Delaware House Republicans have filed five bills that will cut taxes, saying the state should share its unexpected financial fortune with residents and businesses.
Among other things, the bills would cut the state personal income tax by 10%, cut corporate income tax by nearly 30%; and slash the gross receipts tax – which companies pay on sales – by 50%.
That would allow impacted taxpayers to collectively retain more than $420 million annually, the Republicans said in a press release Tuesday.
“This is an economic development bill,” said Rep. Rich Collins, R-Millsboro, is sponsoring House Bill 91, which would do those things. “In recent years, Delaware has had one of the worst economic growth rates in the nation. I believe allowing people and businesses to keep more of their own money will jumpstart investment, increase employment, and raise starting wages. The state will reap the benefits of this too, as better economic performance produces higher revenue.”
Efforts were not successful Tuesday to reach Democratic leadership for comment on the bills.
The Republicans said in their press release that the State of Delaware is flush with cash and they want to share it with taxpayers.
The Delaware Economic and Financial Advisory Council, a nonpartisan group responsible for estimating state revenue, have said the state’s revenues grew more than expected because of much higher than normal real estate transfers, higher than expected personal income and high corporate taxes through the COVID-19 pandemic. It said last month that the state will have a $1 billion surplus.
Under Executive Order 21 – which limits spending, linking it to population growth and inflation – the state is expected to end this fiscal year with nearly $844 million set aside as a hedge against an unexpected emergency or economic downturn, the press release said.

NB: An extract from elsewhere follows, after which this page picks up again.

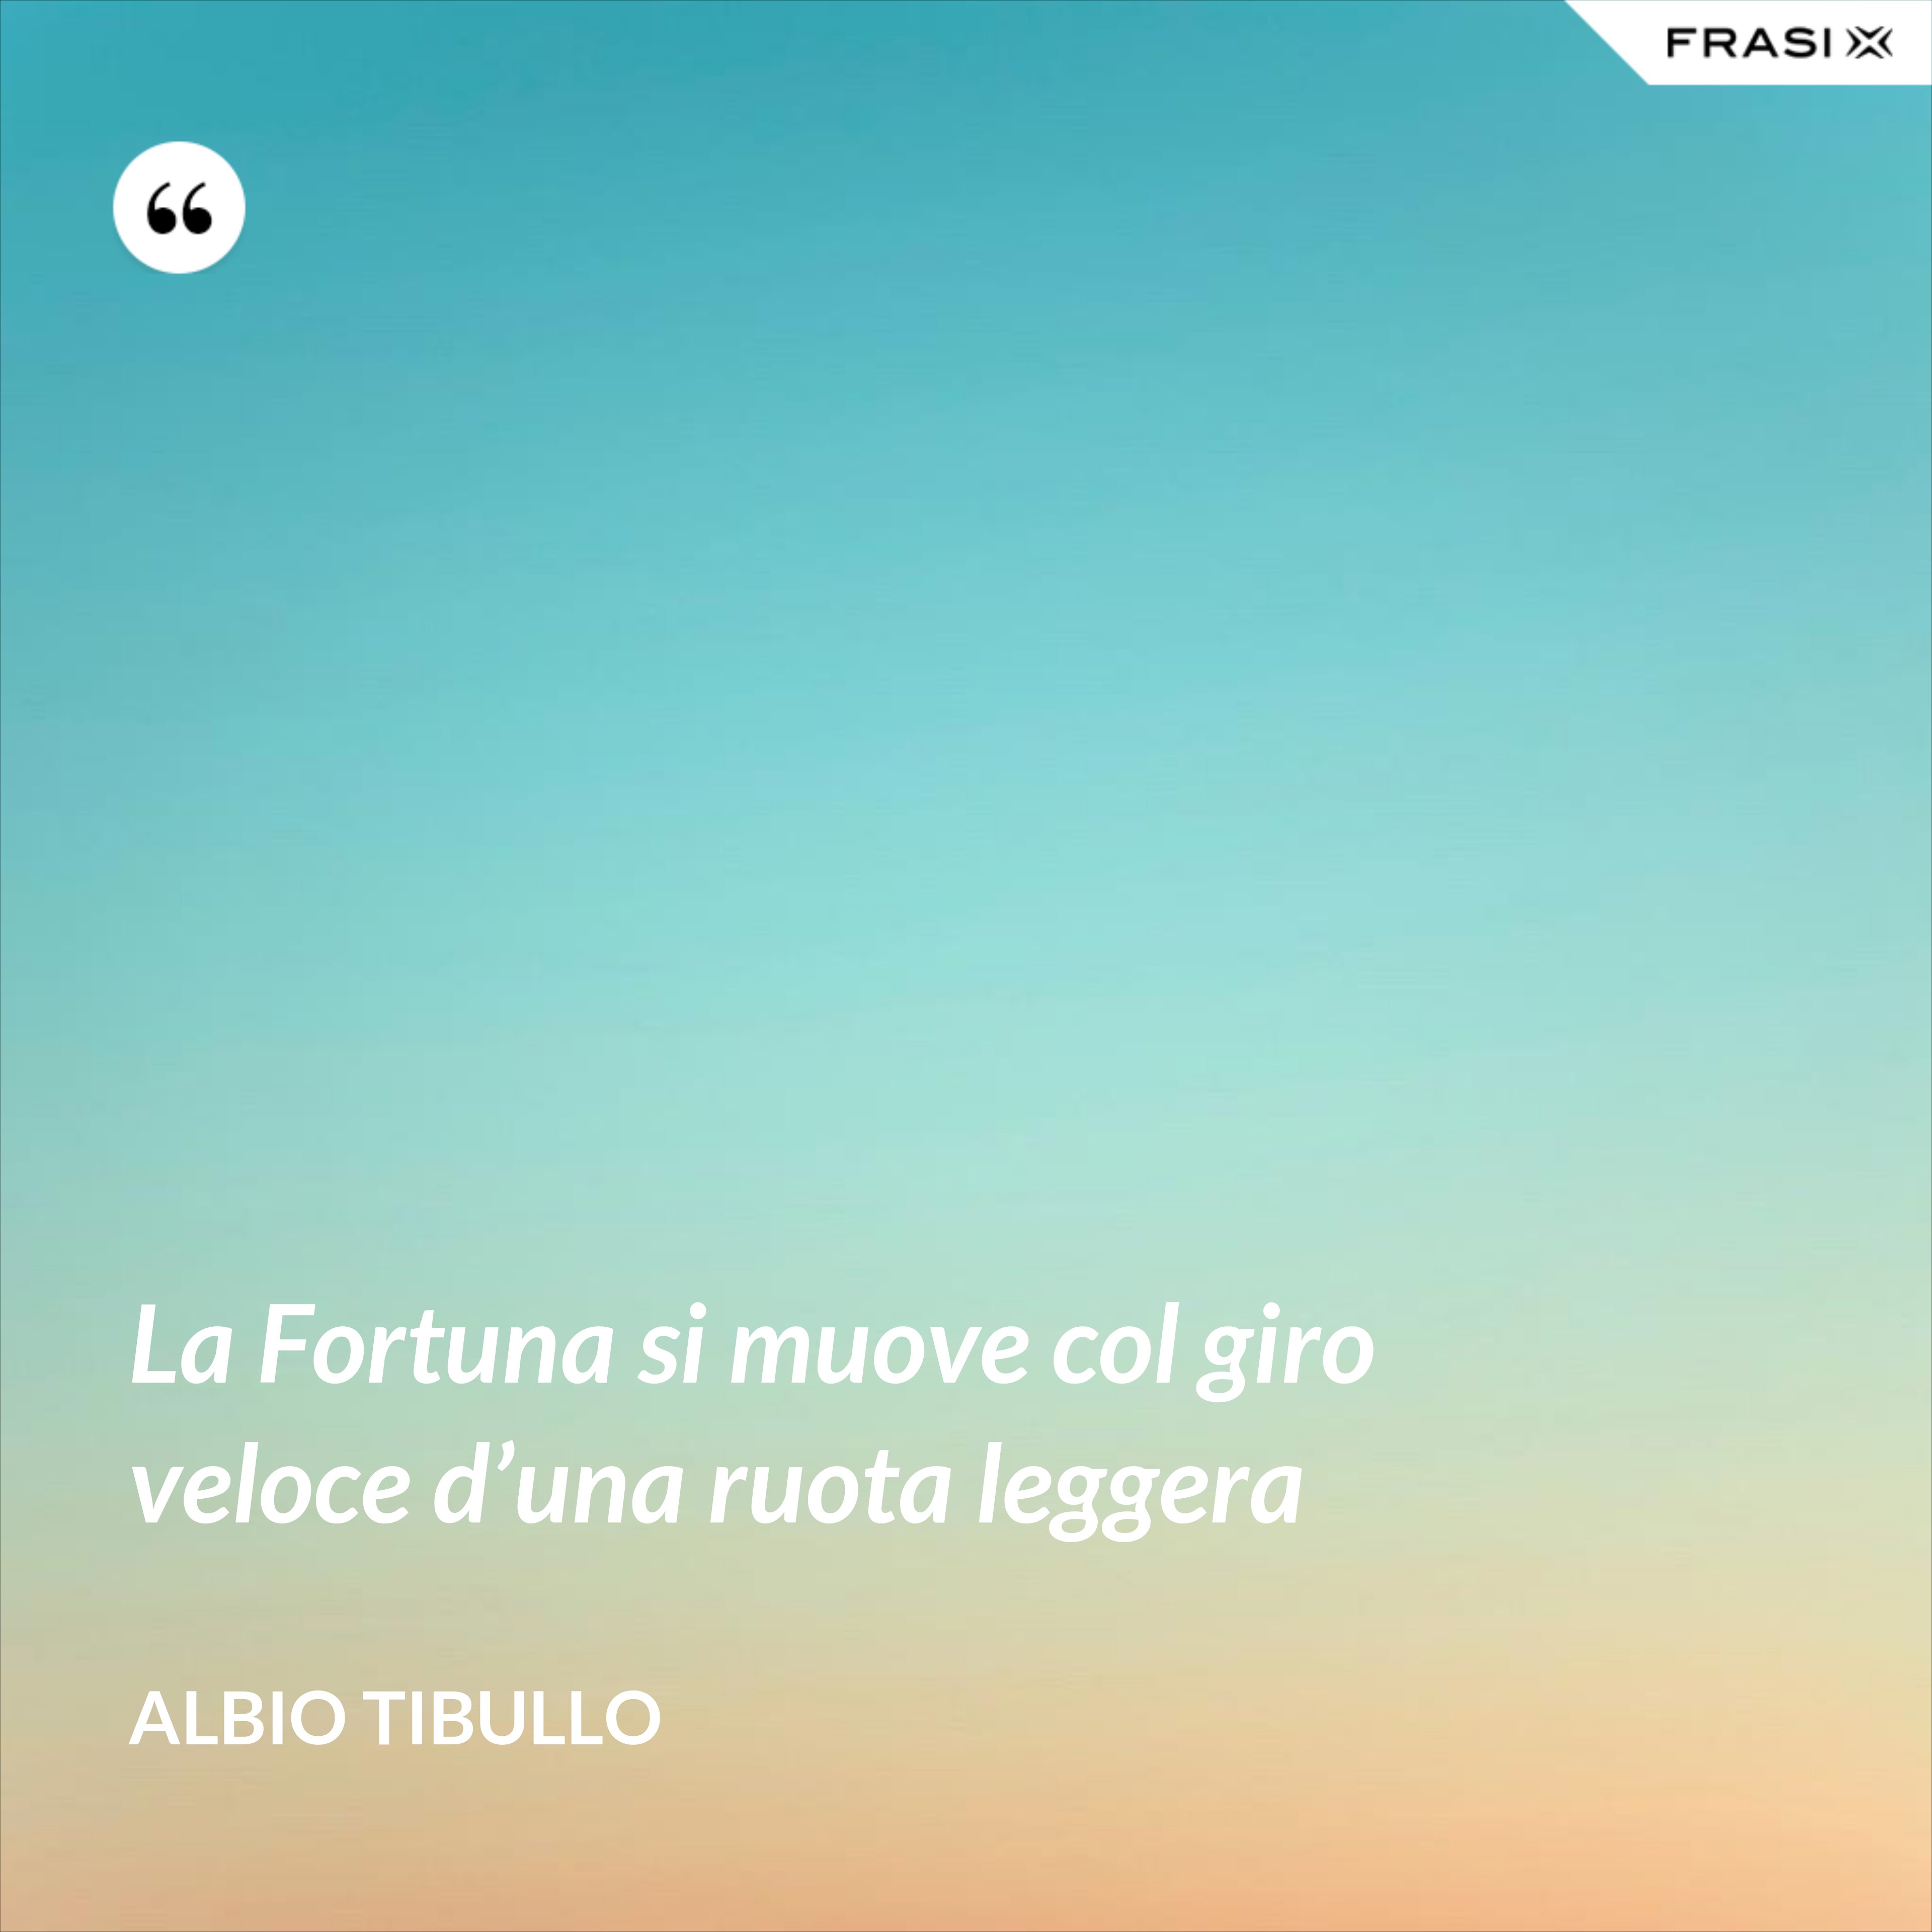 La Fortuna si muove col giro veloce d’una ruota leggera - Albio Tibullo

Republicans pointed out that state revenues for fiscal year 2021, which ends June 30, are expected to be $5.259 billion. The economy is expected to slow, but revenue projections for the state’s 2022 and 2023 fiscal years are now projected at $5.152 billion and $5.115 billion.
HB 191, which only has Republicans sponsors, is pending action in the House Revenue & Finance Committee.
Killing state part of transfer tax
House Bill 172, sponsored by State Rep. Lyndon Yearick, R-Camden/Woodside) would temporarily eliminate the state’s portion of the realty transfer tax for certain first-time home buyers.
The bill would apply to people with a gross income of less than $45,000 for single buyers or less than $75,000 in combined income for joint purchasers on houses that cost $250,000 or less. The bill would expire Dec. 31, 2022.
Eight Republicans and one Democrat are sponsoring the bill, which is awaiting a hearing in the House Revenue & Finance Committee. The Controller General’s office has not yet completed its cost estimate for the measure.
Low-income tax credit
Yearick’s House Bill 158 would establish Delaware Resident Low Income Tax Credit. That would create a $500 tax credit for low income Delawareans. In the case of spouses filing a joint return, the tax credit would be $1,000.
Individuals earning between $18,000 and $30,000 annually would qualify, as would spouses filing jointly with household incomes of between $36,000 to $60,000. Additionally, a $110 personal tax credit currently available to certain low-income Delawareans would be increased to $500.
If the value of the credit exceeded the tax owed by the individual, he or she would receive the remaining value in the form of a tax refund.
With only Republican sponsors, the bill s awaiting consideration of the House Revenue & Finance Committee. The cost estimate for the legislation has not yet been completed.
“I am committed to supporting our working poor with my bills to reduce the realty tax, create a new tax credit, and increase an existing personal tax credit,” Yearick said. “These proposals encourage work, offset the tax increases we implemented in 2017, and support individuals and families.”
Restoring senior tax credit
House Bill 108 would restore the $500 senior real property tax credit that was lowered in 2017t to $400. A fiscal note completed last year reveals the bill would return about $4.4 million annually to qualifying Delaware seniors.
The bill, sponsored by State Rep. Mike Ramone, R-Pike Creek South, has bipartisan support and has been pending action by the House Administration committee since late February.
Reducing transfer tax
Another bill sponsored by Ramone, House Bill 71, would decrease the realty transfer tax in Delaware by 25%.
In 2017, the tax was effectively raised from 3% of the purchase price of a property to 4%. (Local governments are responsible three-eighths of this total, with the state accounting for the remainder.)
House Bill 71 would reset the state’s take to its pre-Aug, 1, 2017 level, restoring the effective combined realty transfer tax to 3%.
When fully implemented in FY 2024, HB 71 would allow homebuyers to collectively keep an estimated $83 million. The bill only has Republican sponsors now and has been waiting for action in the House Revenue & Finance Committee for more than four months.
“These bills are two initiatives that I have been relentlessly fighting for over the past few years,” Ramone said. “With an extraordinarily improved revenue picture this year, there should be no reason to delay implementation of either proposal.”
Betsy Price is a Wilmington freelance writer who has 40 years of experience, including 15 at The News Journal in Delaware.